Required action: Repeat the data exactly, please; no pictures belong in the copy.

=== Provided material ===

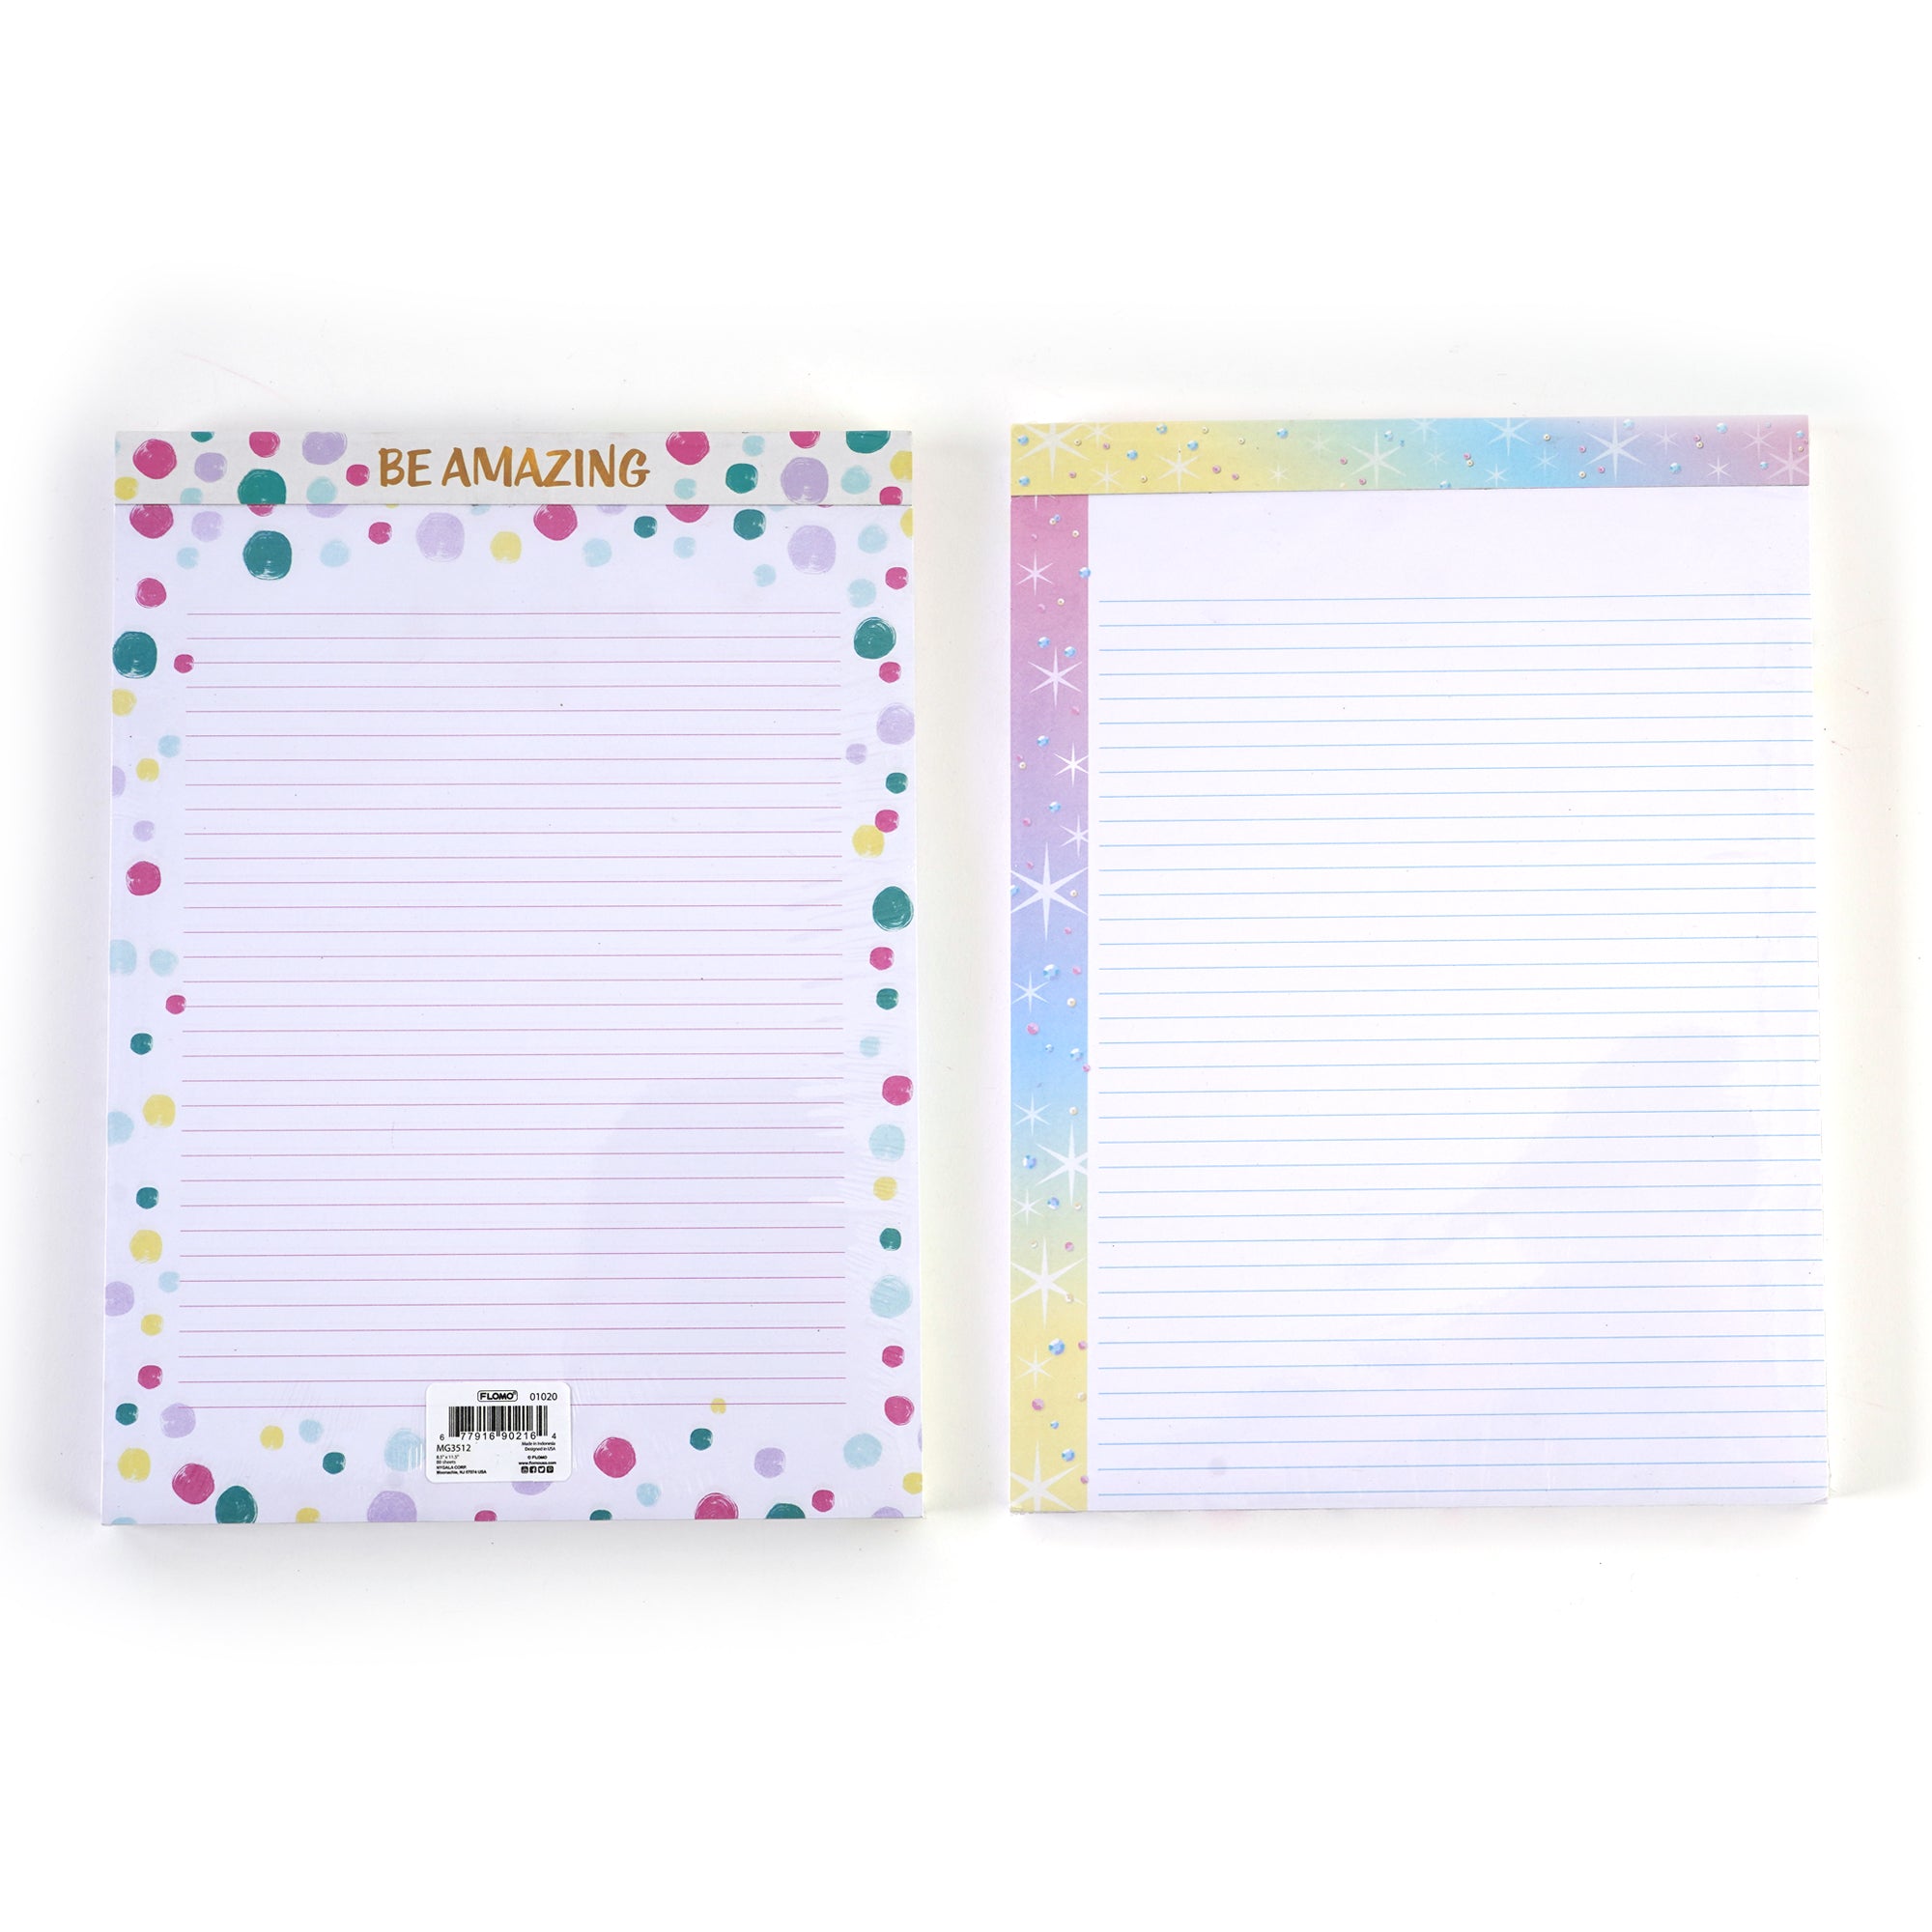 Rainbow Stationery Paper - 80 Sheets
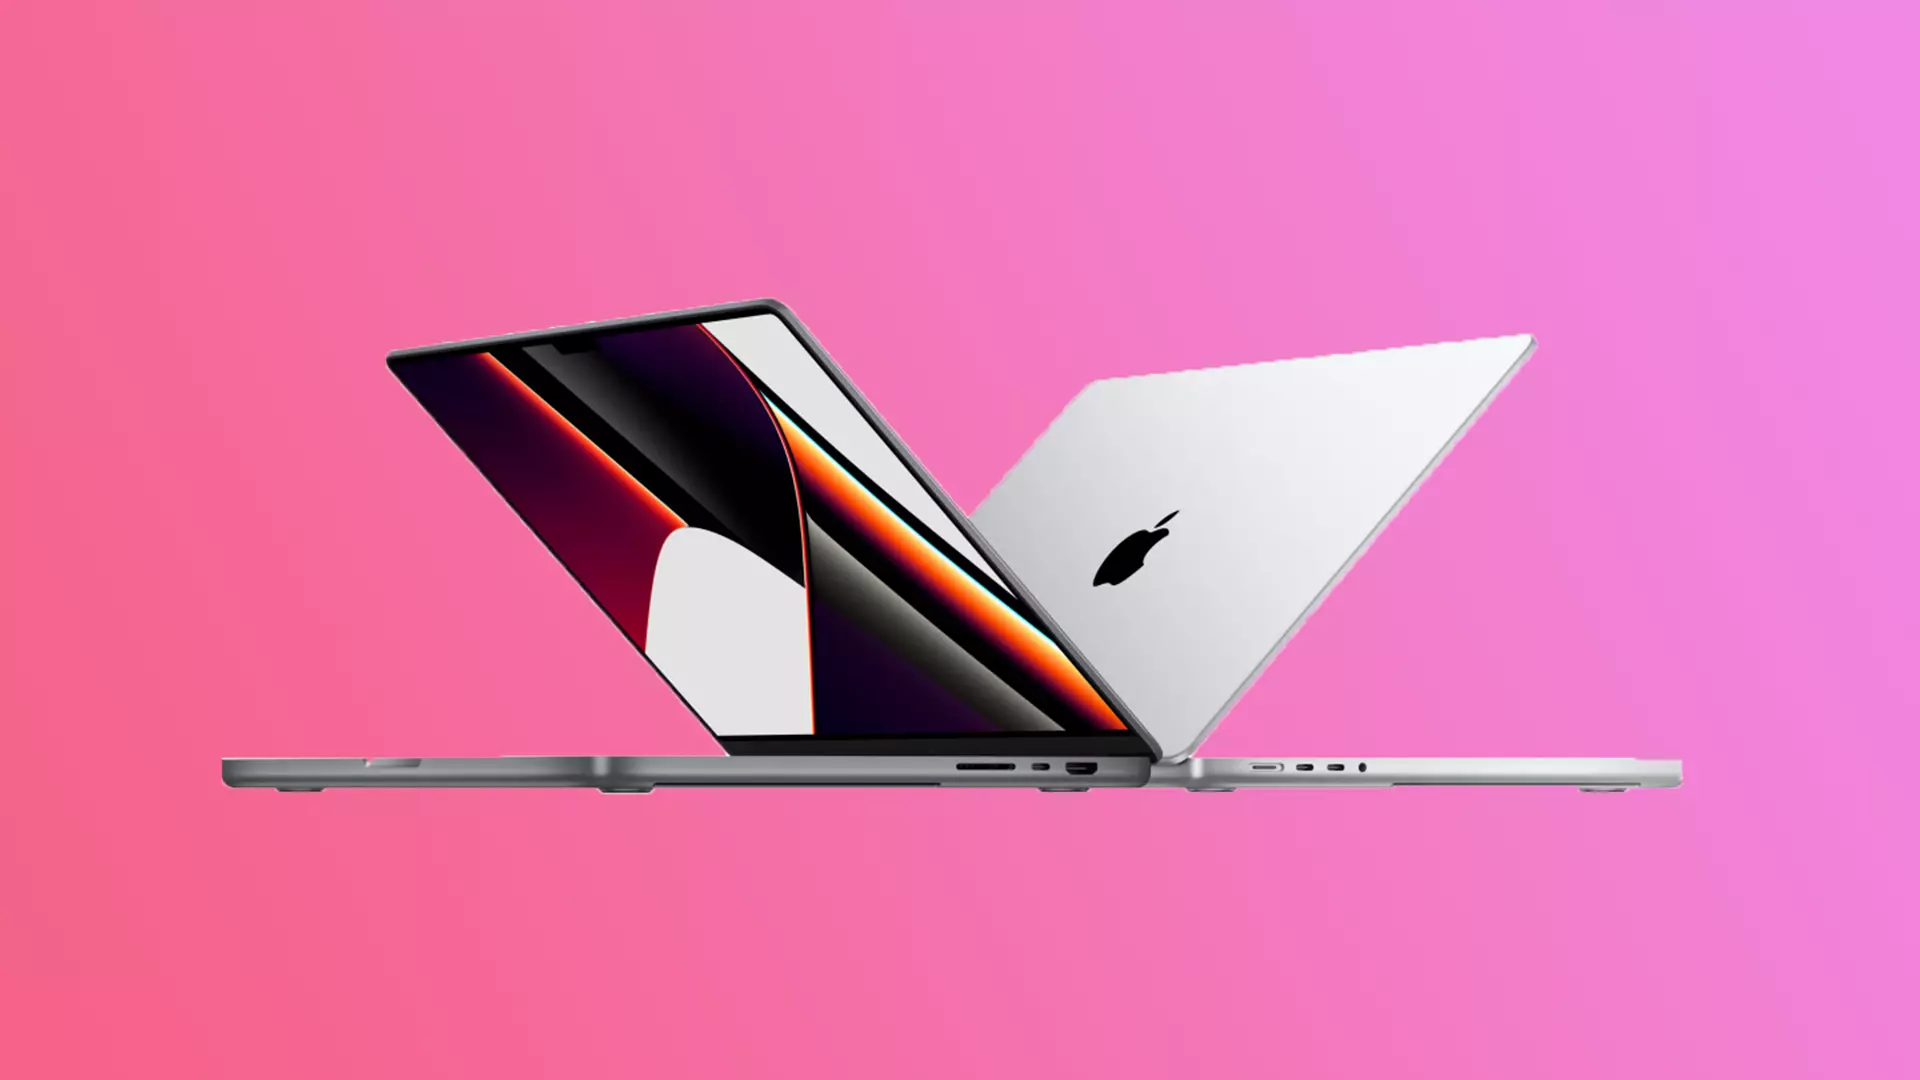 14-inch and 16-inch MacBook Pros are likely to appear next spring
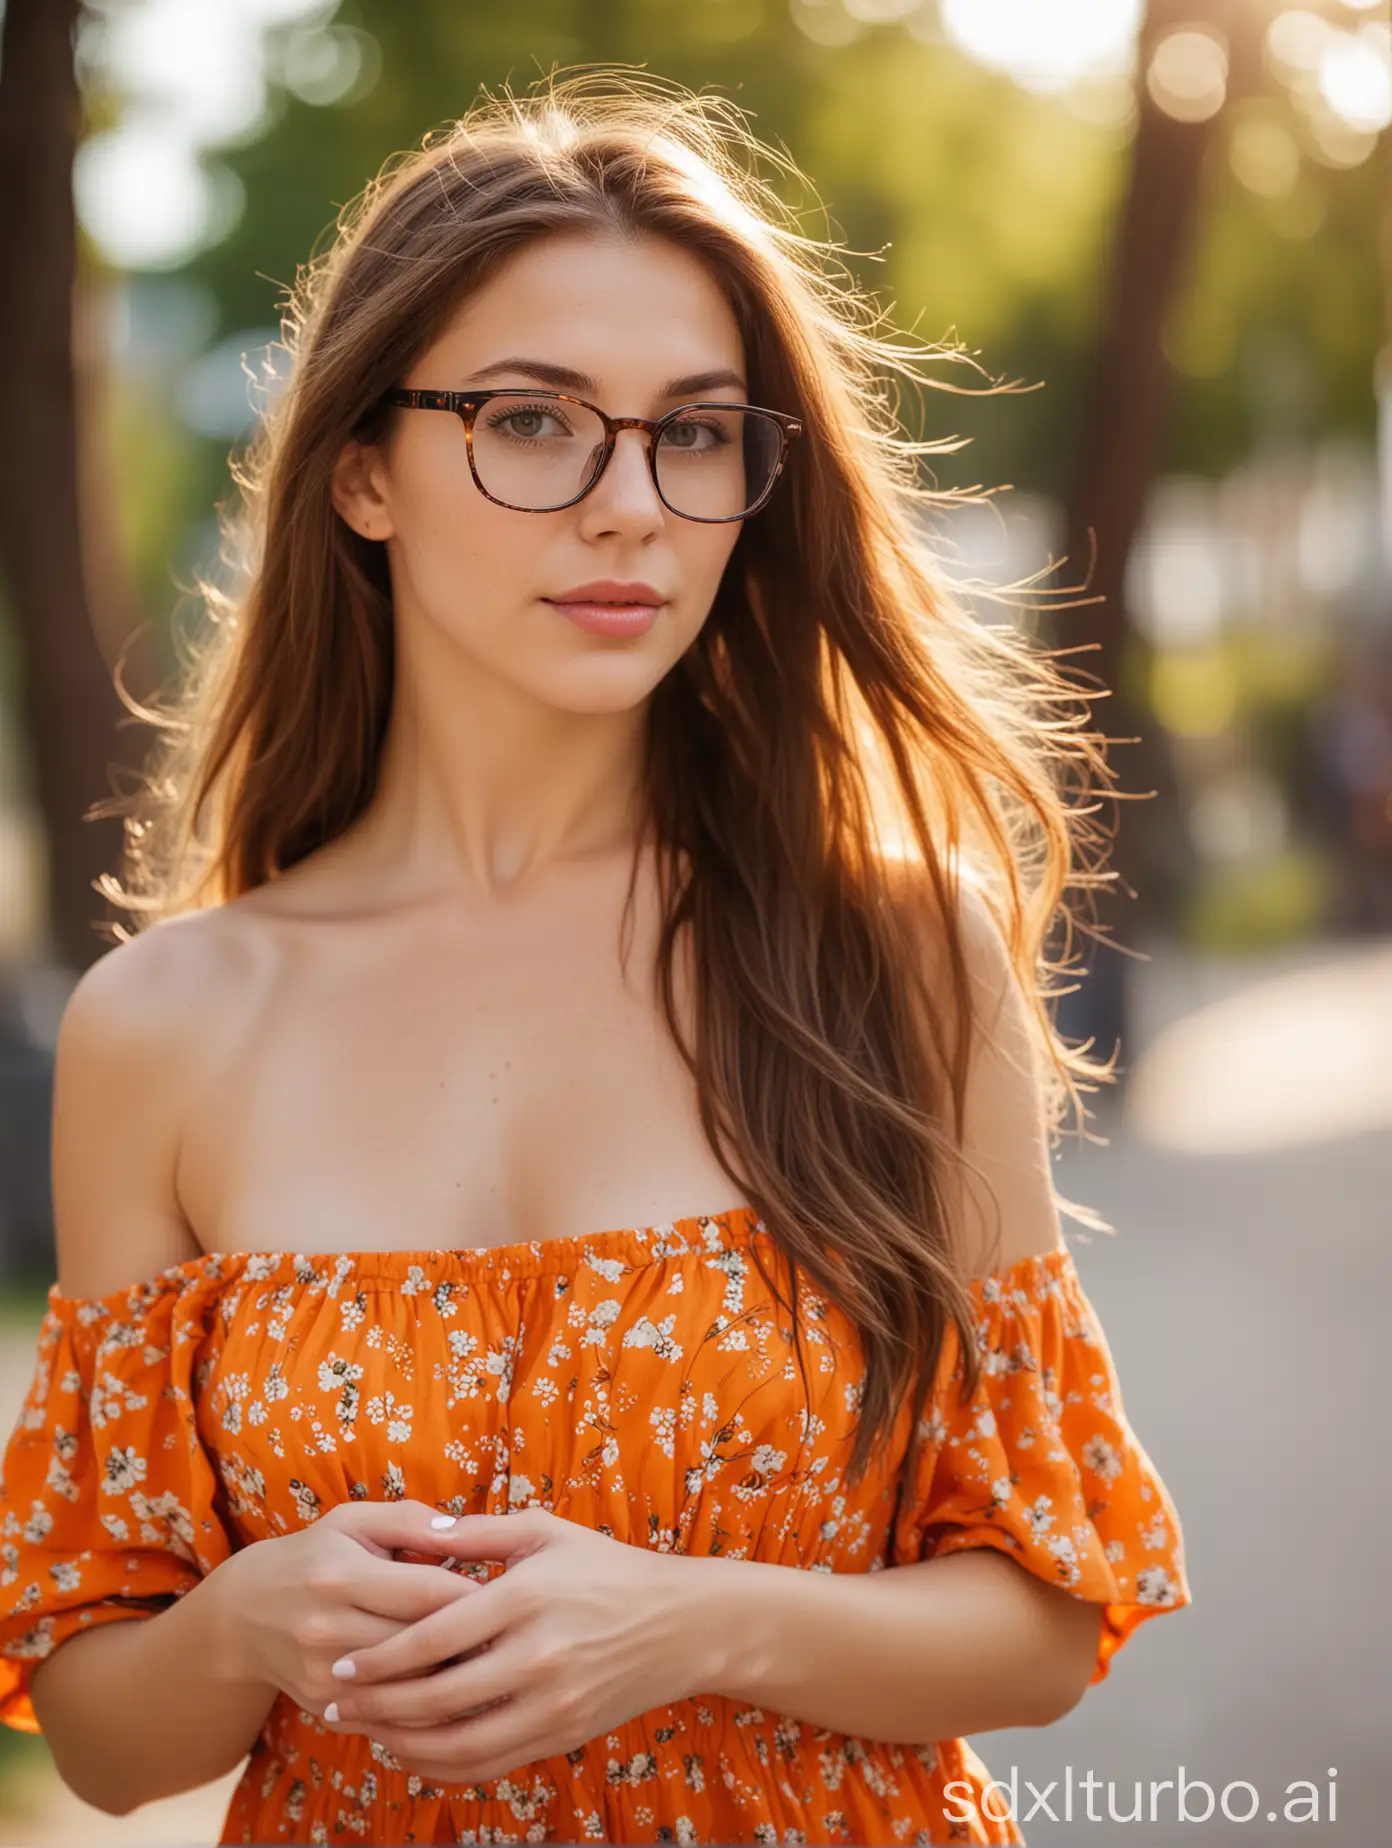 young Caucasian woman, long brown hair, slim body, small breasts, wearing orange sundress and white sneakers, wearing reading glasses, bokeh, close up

===

Solution:
 Rainbow Stationery Paper - 80 Sheets
 14-inch and 16-inch MacBook Pros are likely to appear next spring
 young Caucasian woman, long brown hair, slim body, small breasts, wearing orange sundress and white sneakers, wearing reading glasses, bokeh, close up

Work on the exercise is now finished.